Top of Data for this task

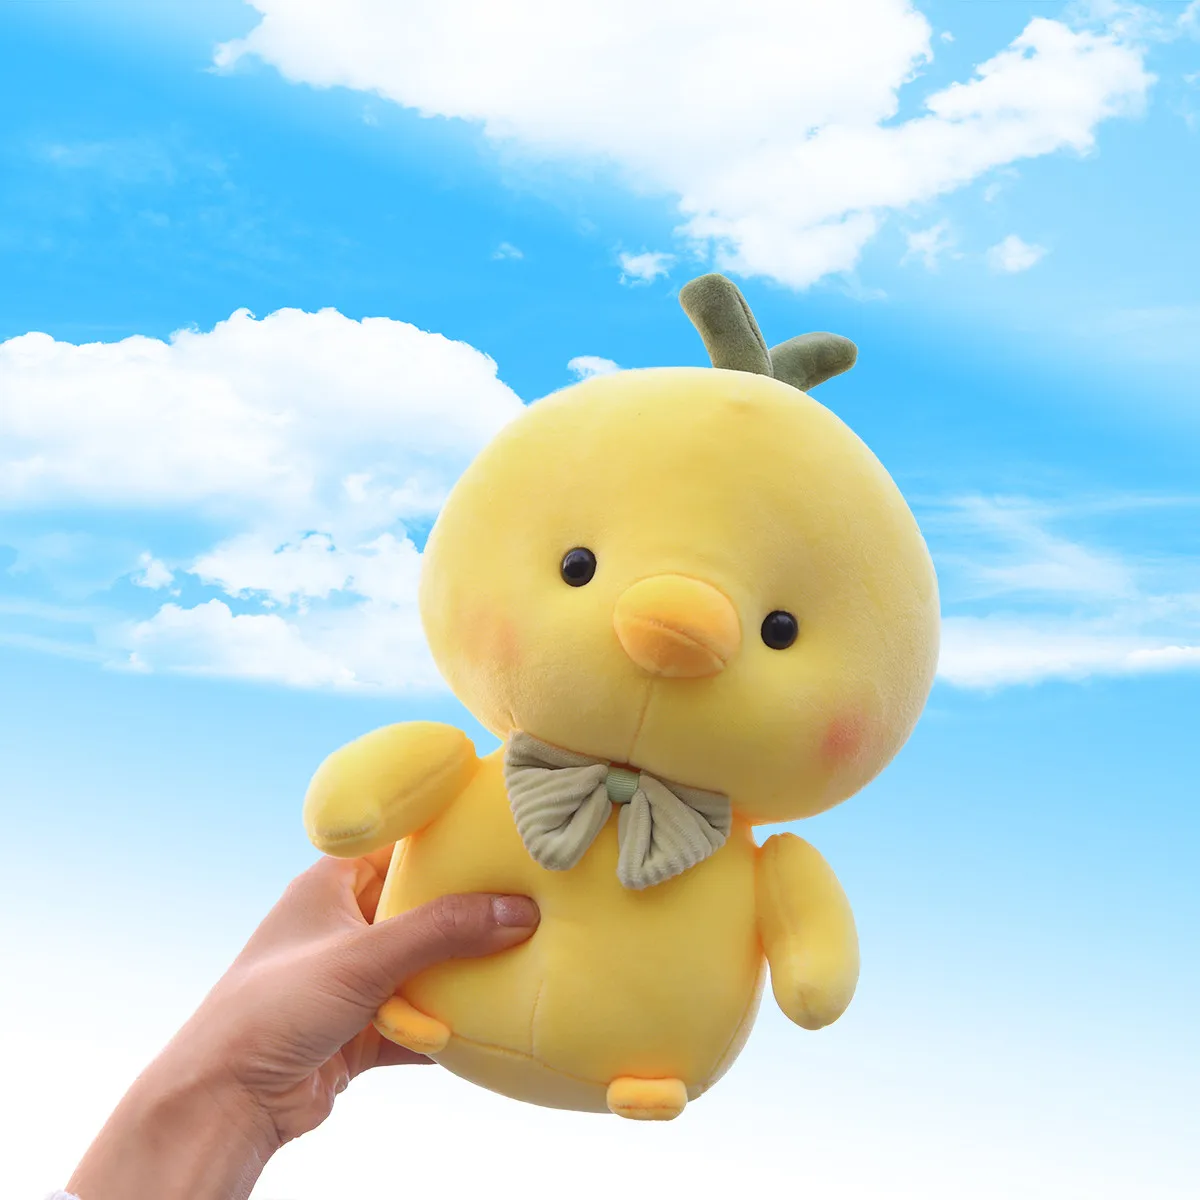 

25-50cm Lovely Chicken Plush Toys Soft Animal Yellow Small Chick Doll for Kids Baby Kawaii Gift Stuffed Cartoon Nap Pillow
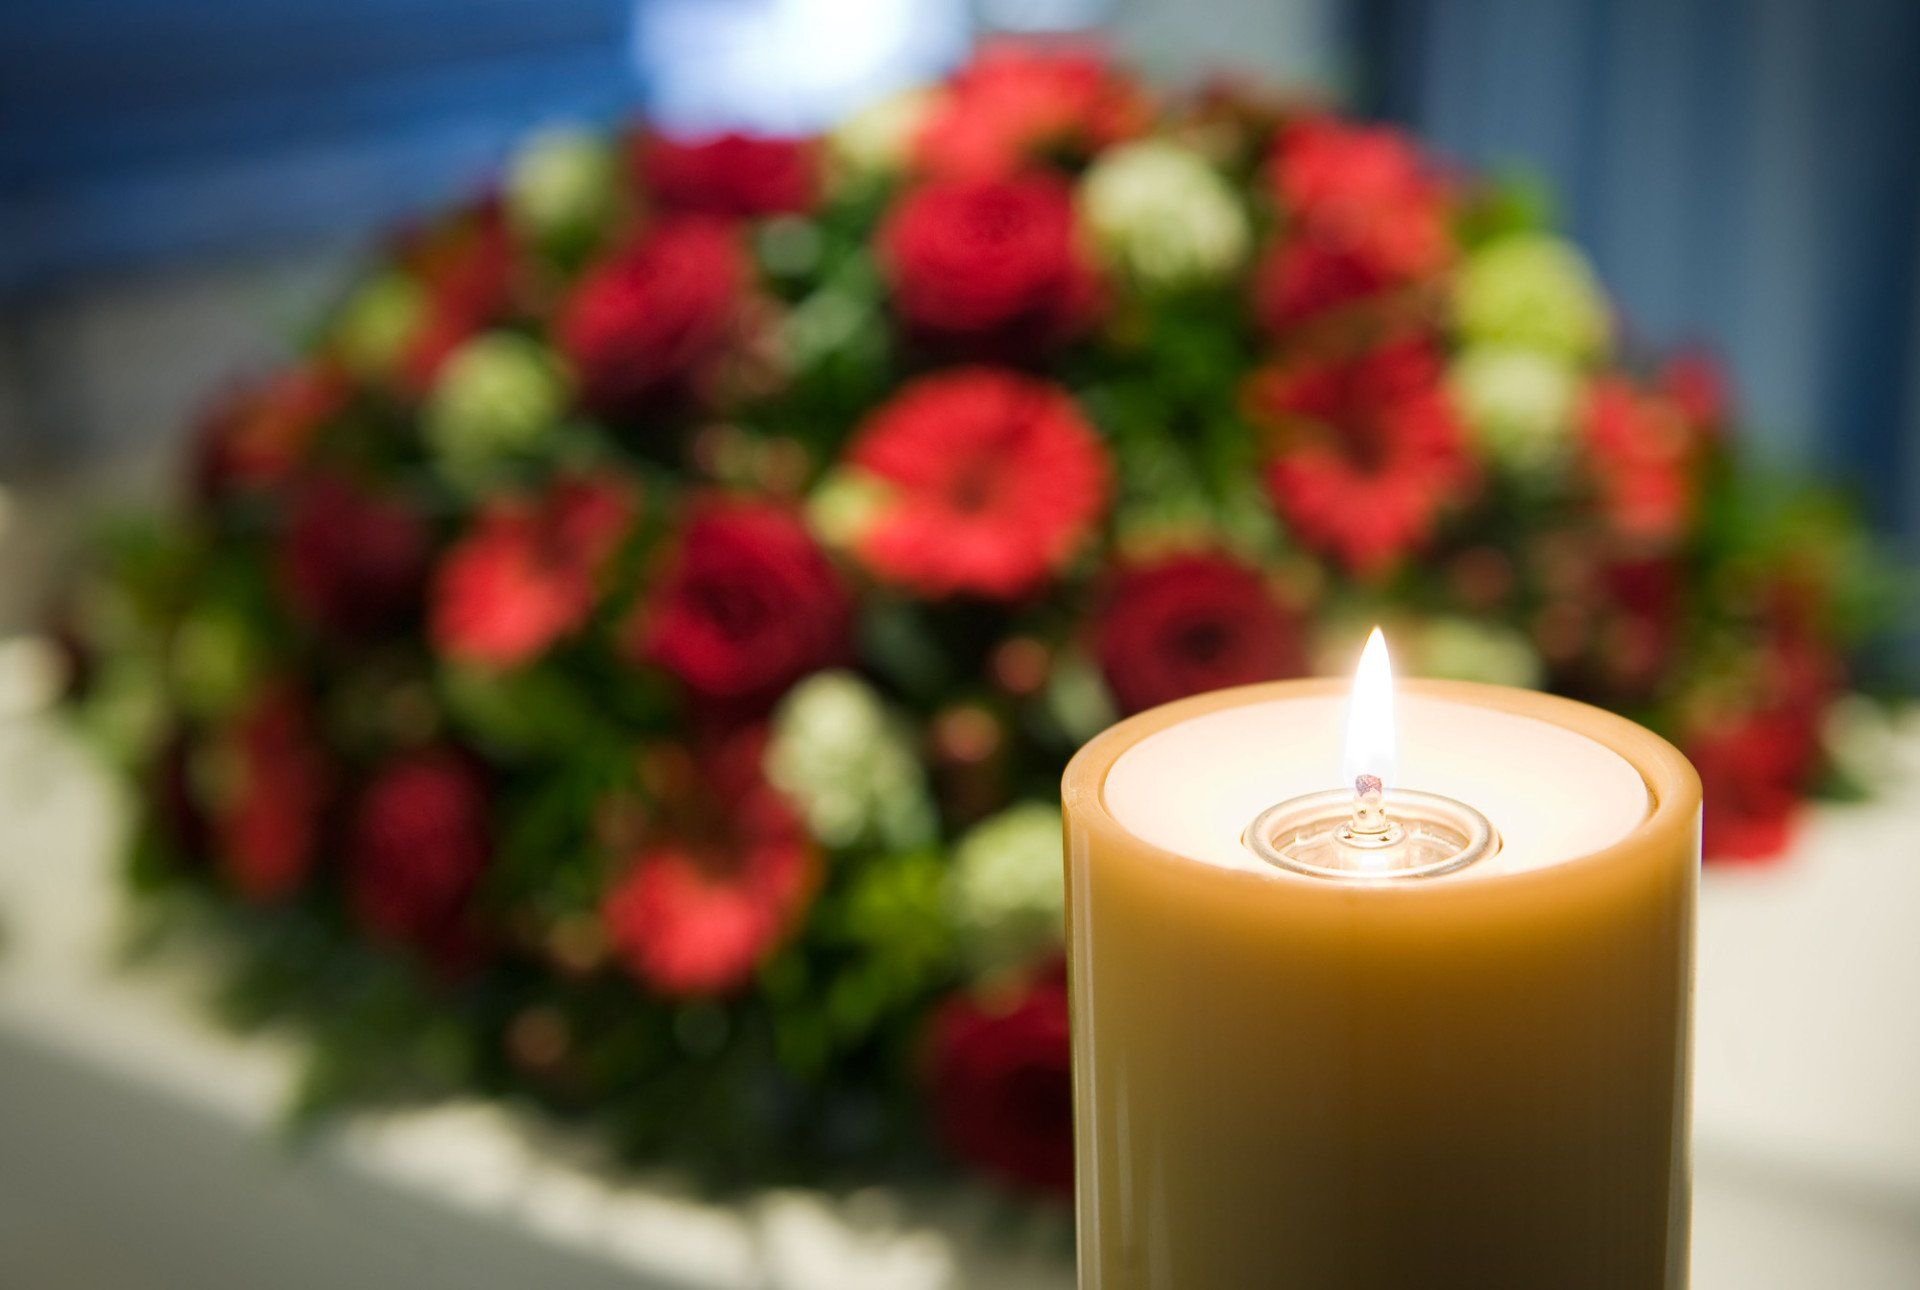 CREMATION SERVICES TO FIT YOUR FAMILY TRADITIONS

Bottom of Data for this task
Top of Data for this task

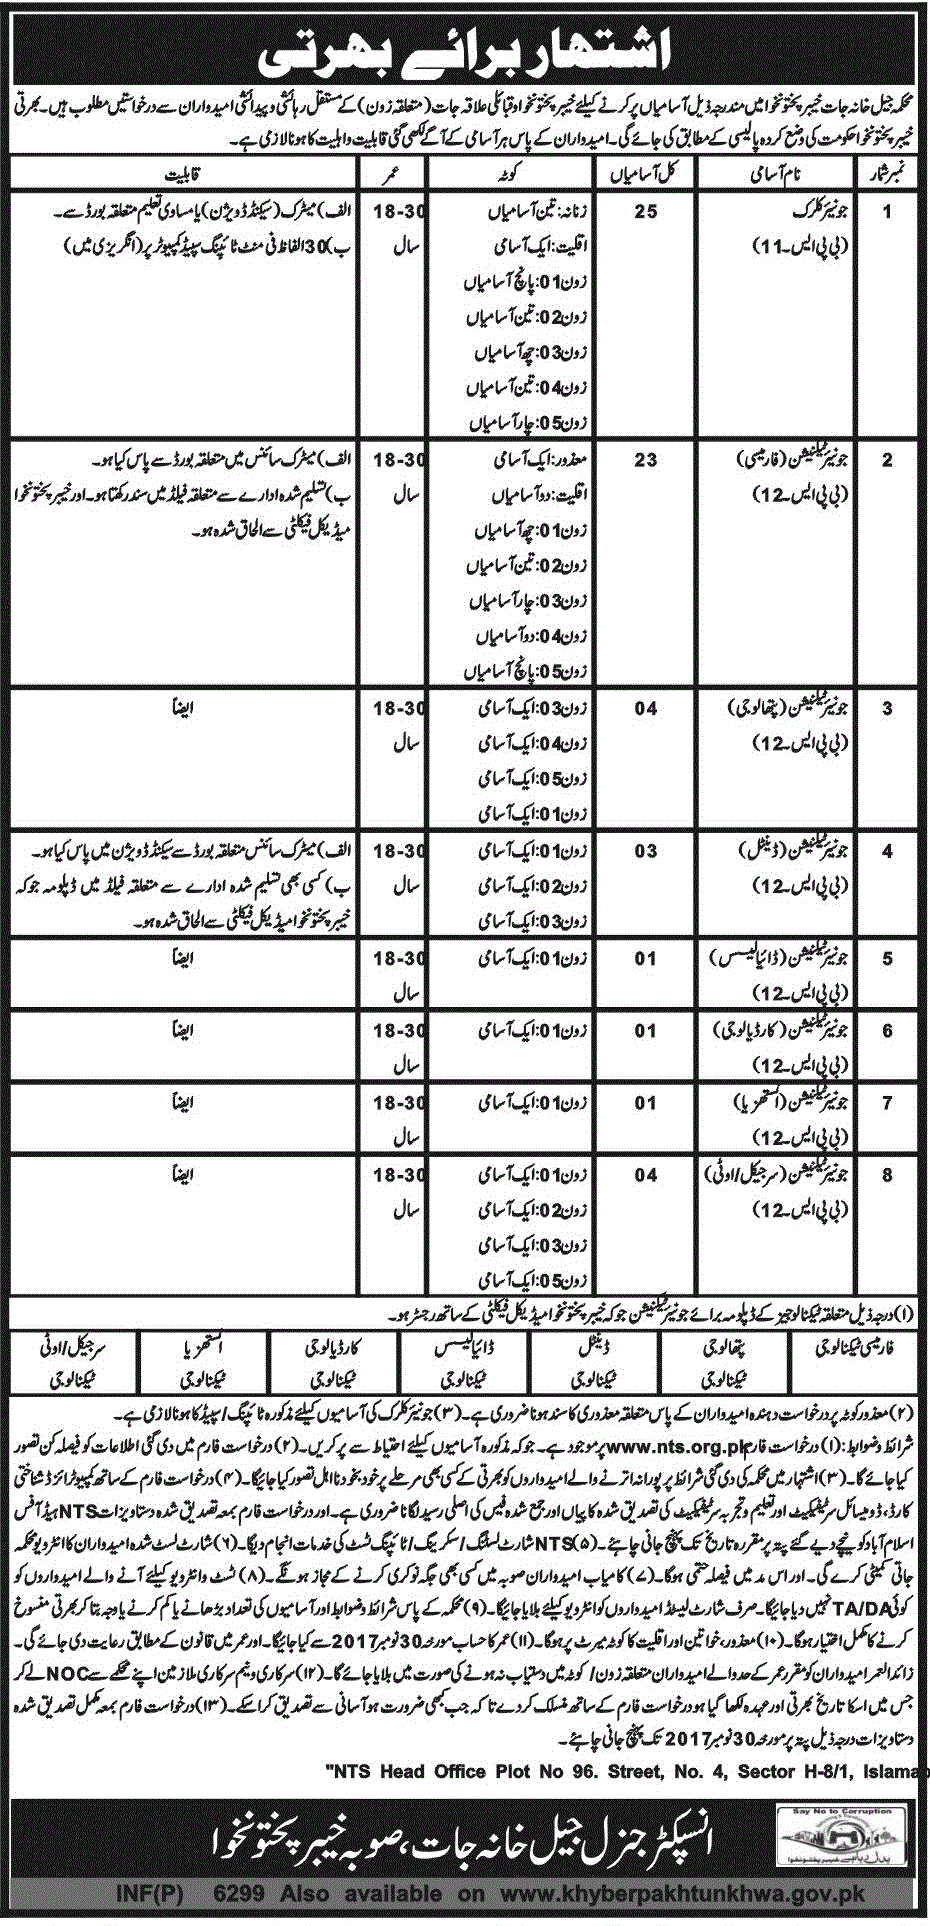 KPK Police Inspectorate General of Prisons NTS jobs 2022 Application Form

Bottom of Data for this task

Directions: Reproduce the lines above beginning at the line that contains "25-50cm Lovely Chicken" and ending at the line that contains "CREMATION SERVICES TO". No pictures.

Exercise response:
25-50cm Lovely Chicken Plush Toys Soft Animal Yellow Small Chick Doll for Kids Baby Kawaii Gift Stuffed Cartoon Nap Pillow
 CREMATION SERVICES TO FIT YOUR FAMILY TRADITIONS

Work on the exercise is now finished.